# Evaluation of Top-N recommender

Can be evaluated offline with the usual train/test and Cross Validation.

- MAE
- RMSE: penalises more the difference between the predicted and real values is way off (because of the square).

MAE and RMSE tells you how good a model is a predicting things that have been already consumed (listened, read, watched), but cannot predict things that the user has never consumed.

Caveat: RMSE doesn't really matter in the real world. What matter is how users react to the recommendation presented to them.

## Hit Rate

- Generate top-n recs for all of the users in the test set. If one of the item in the list is something that was actually rated/watched/liked, that is considered a hit.
- Sum all the hits for every user and divide by the number of users.

### How to measure it

We can't just use the usual train/test cross validation technique.

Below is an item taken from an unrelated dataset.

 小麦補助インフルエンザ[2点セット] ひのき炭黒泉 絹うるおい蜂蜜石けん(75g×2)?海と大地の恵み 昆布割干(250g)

### Leave-one-out cross validation

- Compute the Top-N recs for each user in our training data and intentionally remove one item from the list for each of them
- We then test the ability of the rec system to recommend that item that was left out for that user

It basically focus on measuring the ability to recommend an item from the top N list for each user that was left out in training

Hit-rate with this technique tends to be really small and difficult to measure with small datasets.

### Average Reciprocal Hit Rate (ARHR)

$$
\sum_{i=1}^{N} \frac{\frac{1}{rank_i}}{users}
$$

| Rank | Reciprocal |
| :-: | :-: |
| 5 | $\frac{1}{5}$ |
| 1 | 1 |
| 2 | $\frac{1}{2}$ |
| 4 | $\frac{1}{4}$ |

This metric is like hit rate, but it accounts for where in the top end list your hits appear. It gives more credit for successfully recommending an item in the top slot, than in the bottom slot.

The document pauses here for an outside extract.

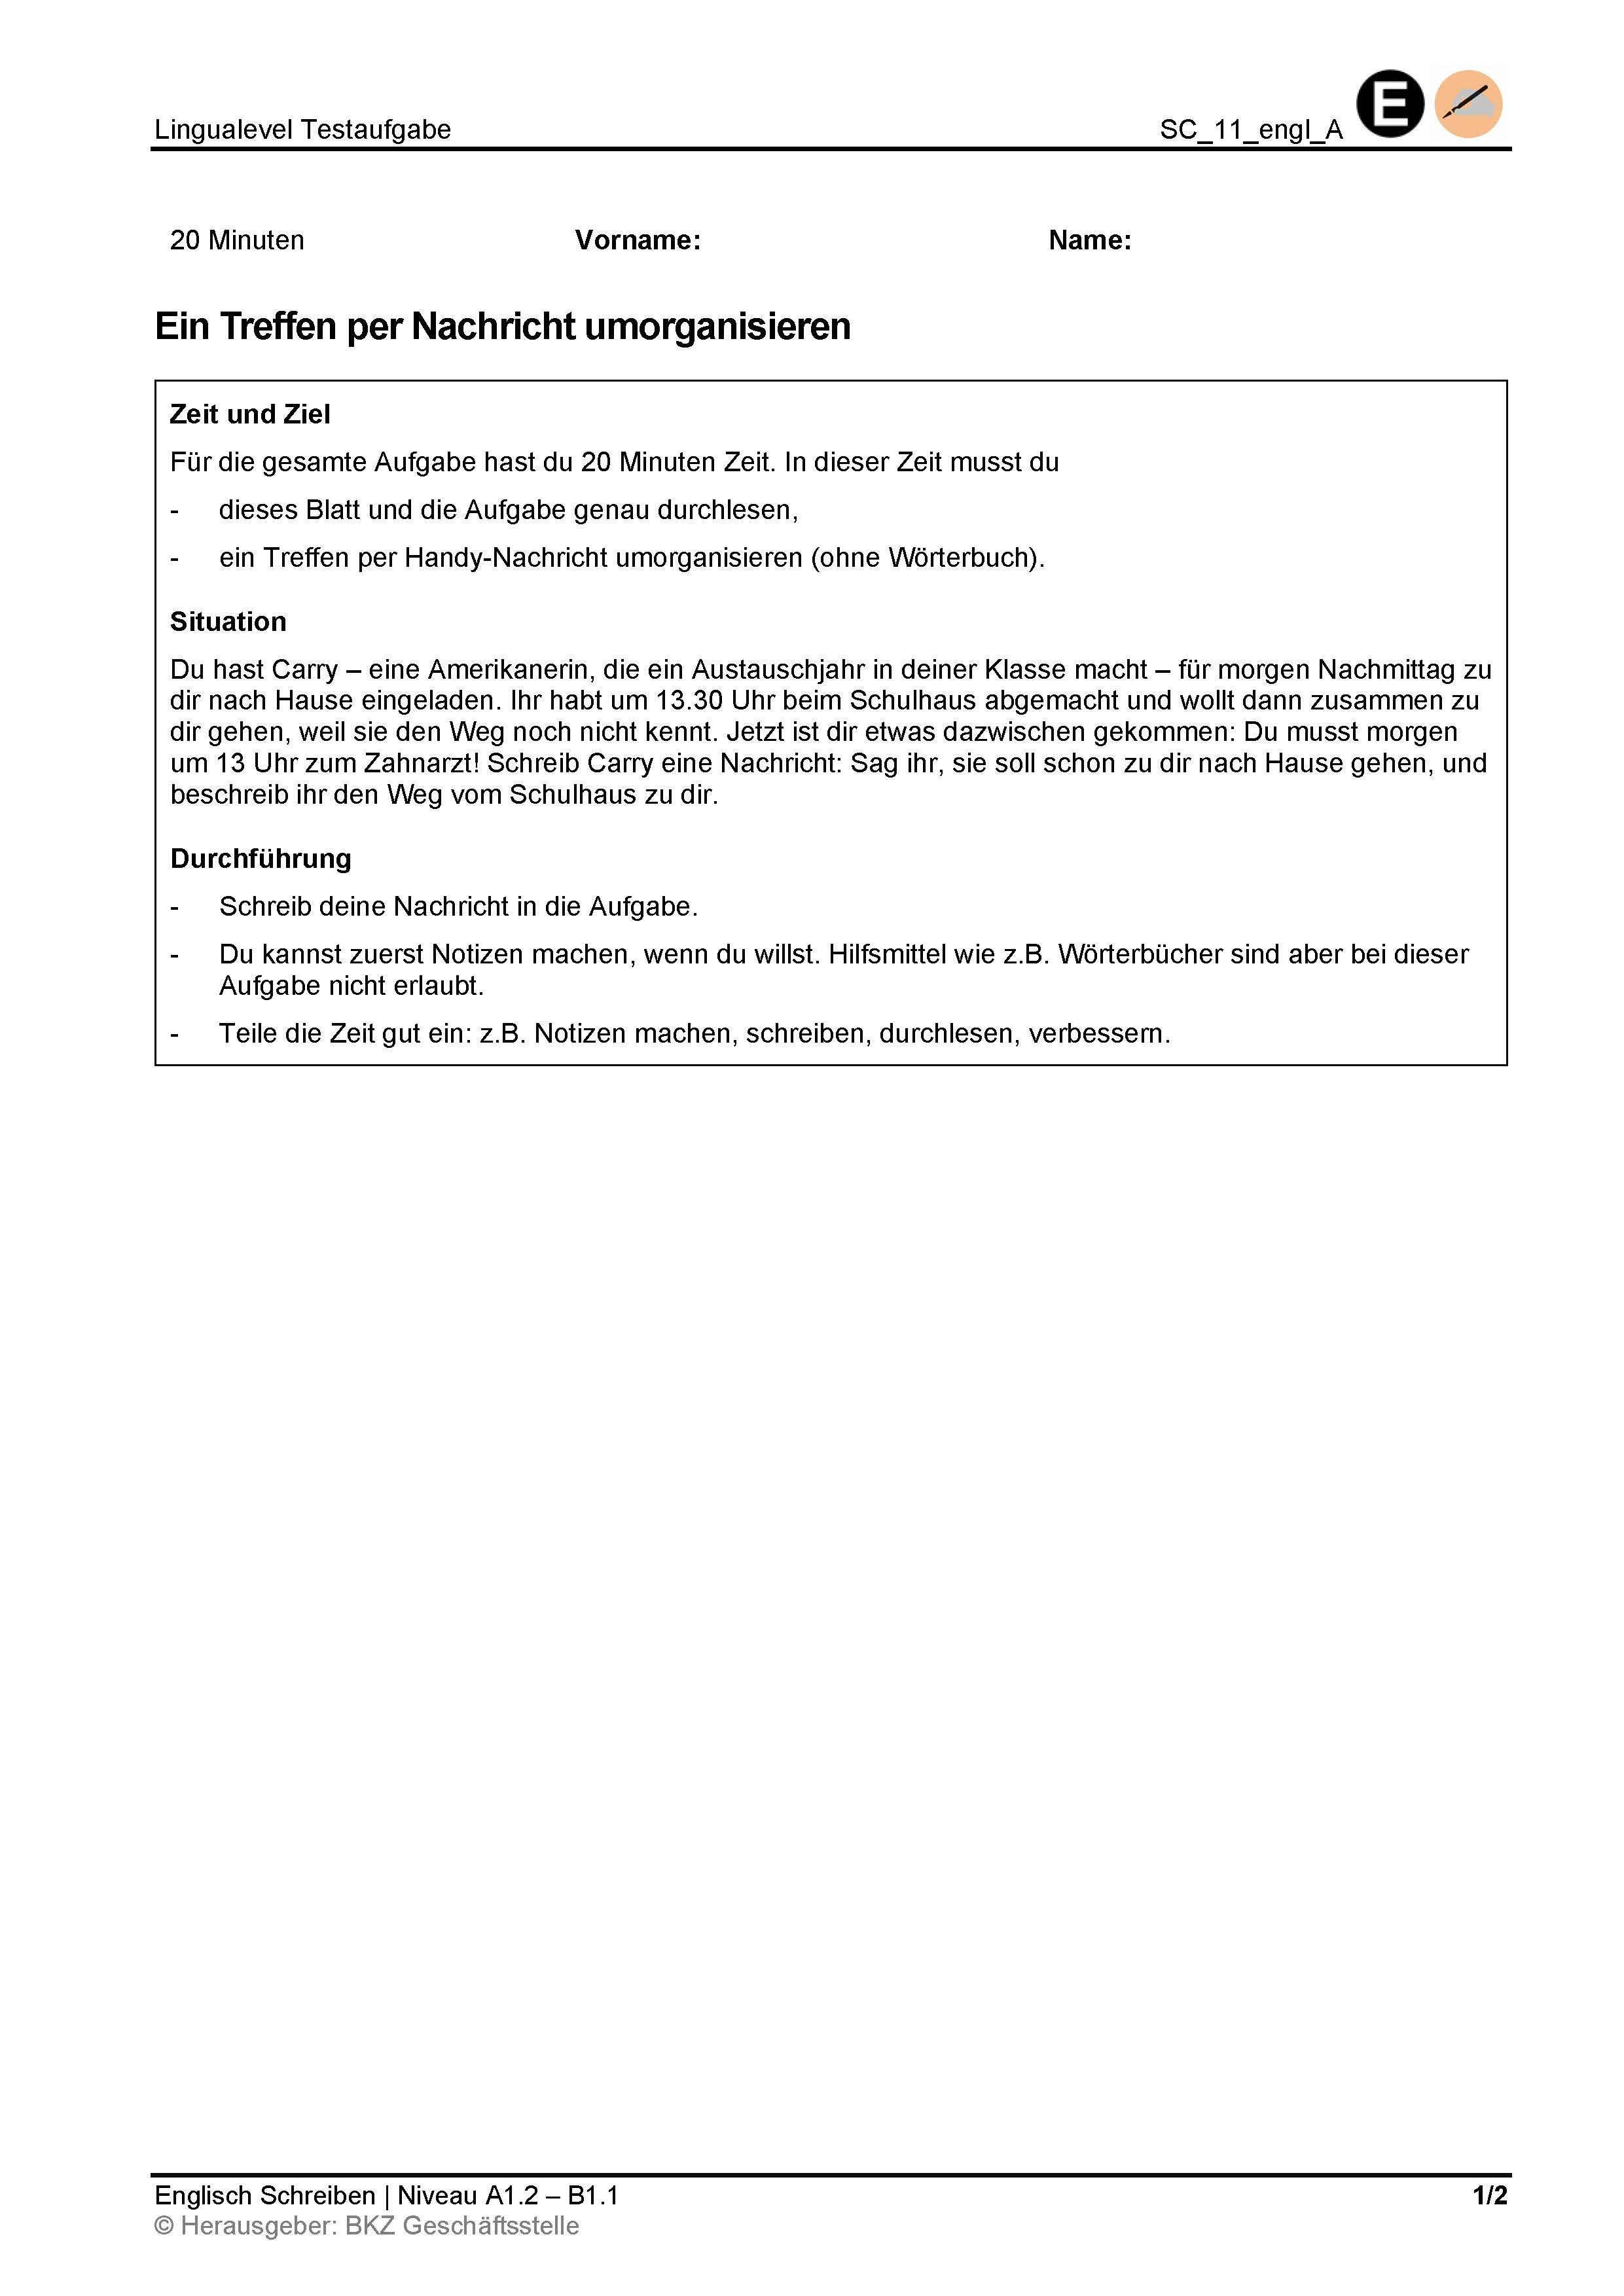 Preview image for LOM object Schreiben: Ein Treffen per Nachricht umorganisieren

This is a more user-focused metric, since users tend to focus on the beginning of lists.

The only difference is that instead of summing up the number of hits, we sum up the reciprocal rank of each hit. So if we successfully predict a recommendation in slot three, that only counts as one-third. But a hit in slot one of our top end recommendations receives the full weight of 1.0. 

It penalises good recommendations that are too down in the list.

### Cumulative Hit Rate (cHR)

It sets a threshold and throws away predicted ratings below that threshold.

### Rating Hit Rate (rHR)

## Coverage

- It's the percentage of possible recommendations that the system is able to provide.
- It's the percentage of (user, item) pairs that can be predicted.

This measure is in constrast with accuracy. This measure can tell how quickly new items can appear in the recommendations.

## Diversity

It's a measure of variety of the recommended items.

A low-variety recommender system may just recommend episodes from the same programme or content of the same specific sub-genre.

$(1 - S)$

where $S$ is the average similarity between recommendation pairs

Diversity alone is not a good measure for a recommender system, because we could have a high-degree of diversity by recommending random items, and achieve poor result.

We could consider diversity as a parameter to take into account, and not as an absolute value to measure in isolation.

## Novelty

It's the measure of how popular/unknown a recommendation is.

Serendipity: an unplanned fortunate discovery.

Mean popularity ranking. It's a measure of new item being recommended. By just recommending new items, it doesn't mean it makes the recommendation better. Again, this alone is not a good measure, but can be used as a parameter to tune the recommender system.

You still want the recommender system to show a certain percentage of popular items.

We must strike the right balance between familiar items and new ones.

### The long tail

If we plot a graph where on the X axis we have all the items and the Y axis the popularity/frequency, we will see an exponential function, where very few items amount for the most popular ones to be consumed, and everything else represent niche items with low popularity. But if you combine all the item in the long tail, they would amount to the majority.

Items in the long tails represent niche interests, and the recommender system must be able to let users discover those items.

## Churn

Is the measure of how often do recommendations change for a given user.

It can also measure the sensitivity of the recommender system to change in user behaviour.

It measures the impact of change on the recommendation list.

At the low-end of the churn scale we have staleness. Showing the same recs to user may not be a great idea if the items are then not clicked at all. Randomisation can help, but even in this instance we need to strike the right balance.

## Responsivness

How quick the new user behaviour impacts the recommendation.

A highly responsive recommender systems means the changes are reflected instantly.

Highly responsive recommender are complex and hard to maintain and expensive.

As always, we need to strike the right balance based on the business needs.

## A/B Testing

Tune the recommender by putting it in front of real users.

### The surrogate Problem

Accurately predicted rating, not necessarily tranlsates into good recommendations.

## Perceived quality

Is a qualitative metric and it is measured by asking users if they think the recommendations are good.

Challenges are, you may not get enough data out of it, because it relies on users willing to respond to an online poll for example.